Il fallait s’attendre de sa part aux apostrophes les plus familiers. Aussi ne fus-je nullement surpris un jour en l’abordant, de m’entendre interpellé en ces termes : « Ah, c’est vous qui endormez le monde !… Eh bien, je voudrais bien vous voir essayer sur moi. Mais j’ai les nerfs solides et je suis sûr d’avance que vous ne réussirez pas ! »
Comme j’étais loin de prétendre endormir n’importe qui, surtout de prime abord, je refusais d’accepter un défi ; mais, en revanche, je me déclarai prêt à satisfaire la curiosité de mon interlocuteur.

Celui-ci eut hâte de me prendre au lot, car je devais dès le lendemain quitter pour plusieurs mois la garnison. Il me fit passer dans son arrière-boutique, et là j’eus vraiment recours aux procédés les plus variés pour provoquer le sommeil. Le faux bossu prétendit ne rien éprouver. Il le déclarait sur un ton de fanfaronnade qui aurait dû éveiller mes soupçons. Mais je ne songeais qu’à le « charger » avec toute l’énergie dont j’étais capable, et lorsque, malgré cela, rien ne se produisit, je renonçait à l’entreprise.

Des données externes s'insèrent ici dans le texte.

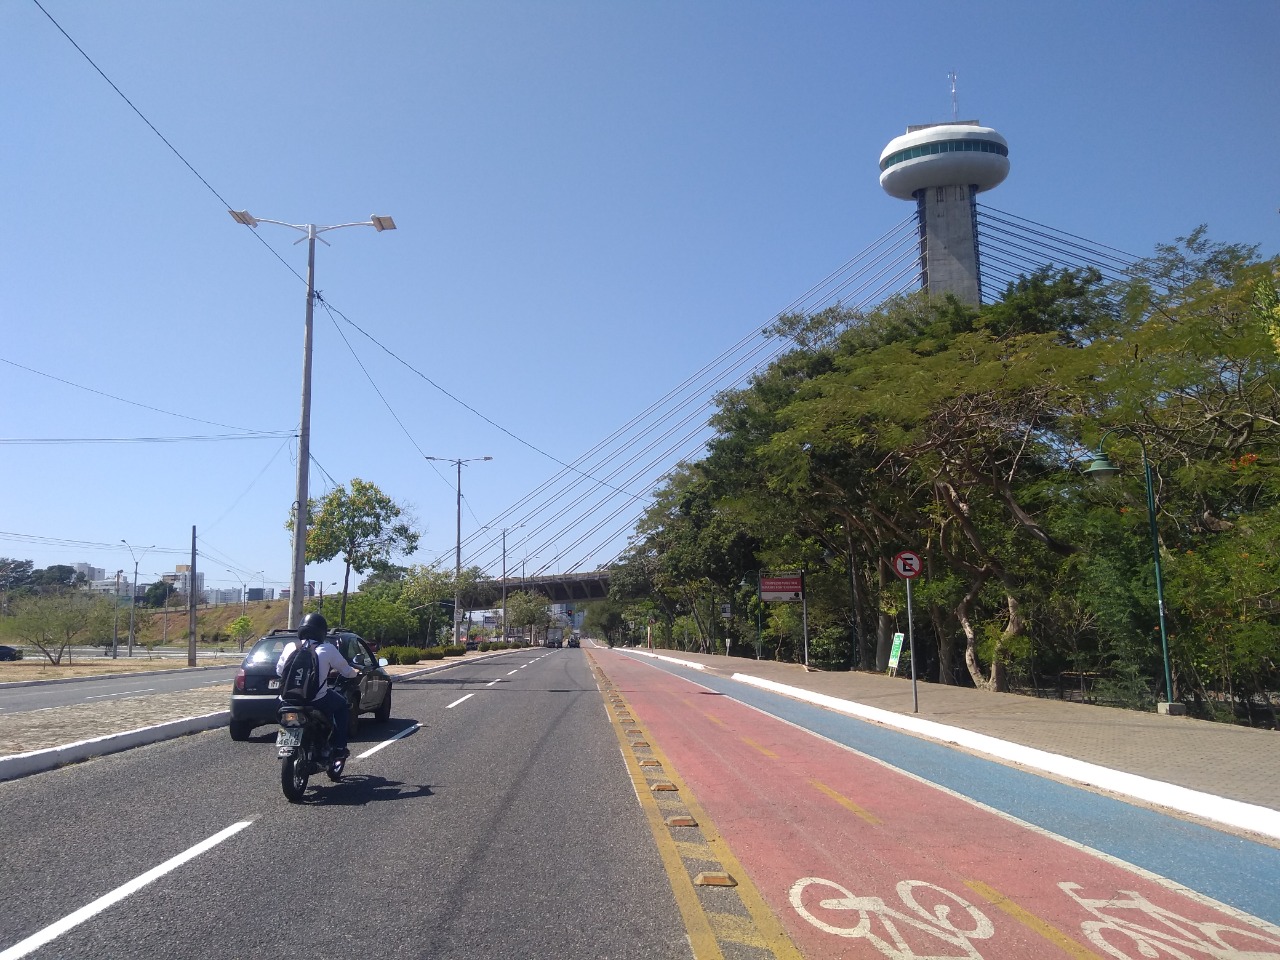 Motociclistas são os que mais sofreram acidentes em Teresina no último trimeste de 2019

Fier de n’avoir pu être entamé, le bossu se mit alors à chanter victoire : « Je vous l’avais bien dit ! Je suis un dur-à-cuire ! J’ai des nerfs autant que vous, je le savais bien ! » Puis il voulut bien faire les choses et m’offrit un petit verre de ce qu’il avait de moins frelaté. Ensuite je regagnais le quartier sans la moindre méfiance.
Lorsque, après une absence prolongée, j’entendis à nouveau parler du bossu, ce fut pour apprendre sa mort. Une affection de poitrine l’avait enlevé trois mois après mon départ.
Mais une réception peu gracieuse m’attendait au bazar de la bossue. A la première emplette qui me mit en sa présence, la veuve me fixa d’un air farouche. Puis sa colère éclata : « Ah, je vous ai bien maudit depuis la dernière fois que je vous ai vu ! »
Et comme je restais interdit, sans parvenir à comprendre en quoi je pouvais avoir offensé cette malheureuse femme, elle reprit sur un ton moins agressif : « Vous souvenez-vous du jour où vous avez essayé d’endormir mon mari ? »
J’avais totalement perdu de vue ce fait, mais alors la mémoire me revint.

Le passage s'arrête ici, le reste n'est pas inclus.